This involves an assessment of their level of comprehension and communication ability, and relating these to the particular task, thus making the notion of capacity both time and situation specific (Scottish Executive, 2000).

Capacity is seen to be specific to each decision and although some people will lack the capacity for all decisions, for example those in a coma, others suffer from a more limited impairment and will be capable of making certain decisions. Therefore it is not appropriate to undertake a standardised assessment but rather to narrow an individual judgement to the decision to be made.

When an individual is found to lack competence, this approach allows an attempt to improve capacity through education, changing the format of the information presented – i.e. in pictures rather than words – or treating the underlying condition. The irony of this can sometimes be found in that treating the condition may well be the issue requiring consent. The functional model of capacity is in direct contrast to the all-or-nothing approach employed under the status approach.

Integration of approaches

The functional and outcome approaches may be combined to form a sliding scale, the limit depending on the significance of the decision. Another arrangement combines status and function so that capacity is questioned only in certain groups – although this can be seen as discriminatory against these groups. It is, however, the approach suggested by The Law Commission in England and Wales and in Scotland (Scottish Executive, 2000)

Mechanisms to address loss of capacity

The existing legal régimes to deal with an adult who lacks capacity are wardship and enduring powers of attorney.

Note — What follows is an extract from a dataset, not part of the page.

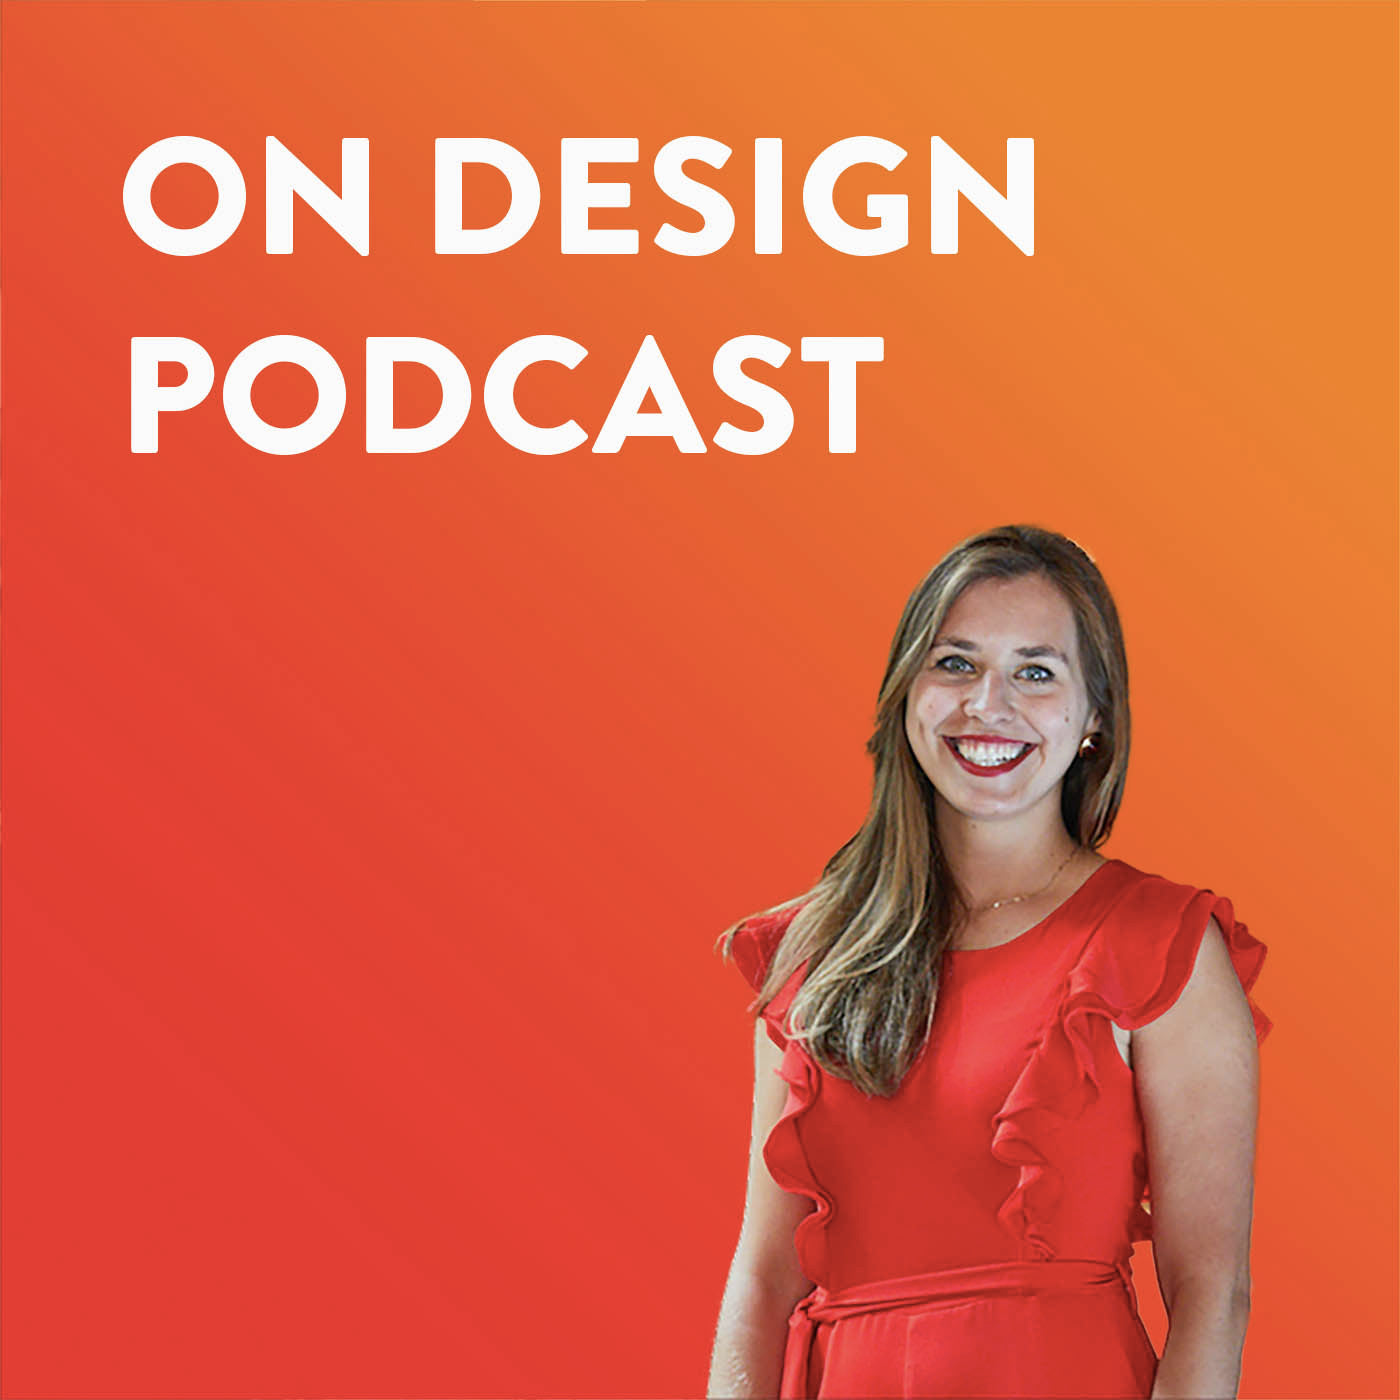 On Design Podcast - Justyna Green - Kirsty Whyte

The ward of court régime is a substitute decision-making system for adults under Irish law, with a paternalistic approach to consent. The President of the High Court has responsibility for the system and can delegate to the registrar and staff of the Office of Wards of Court. The procedure for bringing a patient into wardship is accessible in the Lunacy Regulation Act 1871.

Wardship proceedings are usually carried out in respect of people who have a significant loss of capacity and who have an estate that requires protection and use in the best interests of that patient. The patient must be declared to be of ‘unsound mind and incapable of managing his person or property’. This must be supported by two medical doctors and the term ‘unsound mind’ is necessary for the matter to proceed. Capacity is assessed on an all-or-nothing basis. An inquiry order is made and a consultant psychiatrist will examine the person. Notice is served on the patient, who has the right to submit any objections in writing to the Registrar.

Declaring a person a ward of court results in a substantial loss of decision-making capacity, and it is significant that a ward of court is not entitled to consent to medical treatment.

The Law Reform Commission has identified a number of problems with the wardship regime: ‘The wards of court system is cumbersome and outdated, the language is inappropriate and the procedures involved are lengthy. Legislation does not deal with how decisions about the person of the ward are to be made.’

An adult who is a ward of court can apply to the President of the High Court to be discharged from wardship. If medical proof of a restoration in the patient’s legal capacity is adequate, control of their person and property will be returned to the patient.

An Enduring Power of Attorney (EPA) allows an adult with sufficient capacity to plan for a future loss of capability under the Powers of Attorney Act 1996. This will allow another adult or a solicitor to make decisions on behalf of the patient if they experience a substantial loss of the requisite capacity, thus avoiding the necessity for them to be made a ward of court at a later date and retaining as much autonomy as possible for the patient. However, an EPA can only be executed by an adult with the appropriate mental capacity and may be unsuitable for adults with an intellectual disability.

The EPA can vary, with the patient in a position to give the appointed person power over property, financial and personal care decisions, or a combination of the above. Personal care decisions do not include decisions on medical and surgical treatment. The Law Reform Commission has recommended that persons appointed under an EPA have the same power as those proposed for personal guardians i.e. minor or emergency healthcare decisions, unless specifically withheld by the patient (Law Reform Commission Report, 2006).

If the EPA does not give sufficient powers, wardship proceedings may still be necessary, and the courts have the power to invalidate any EPA in that case.

Recommendations have been made by the Law Reform Commission regarding the current wards of court system and its replacement by the guardianship system involving two proposed orders: intervention and guardianship orders.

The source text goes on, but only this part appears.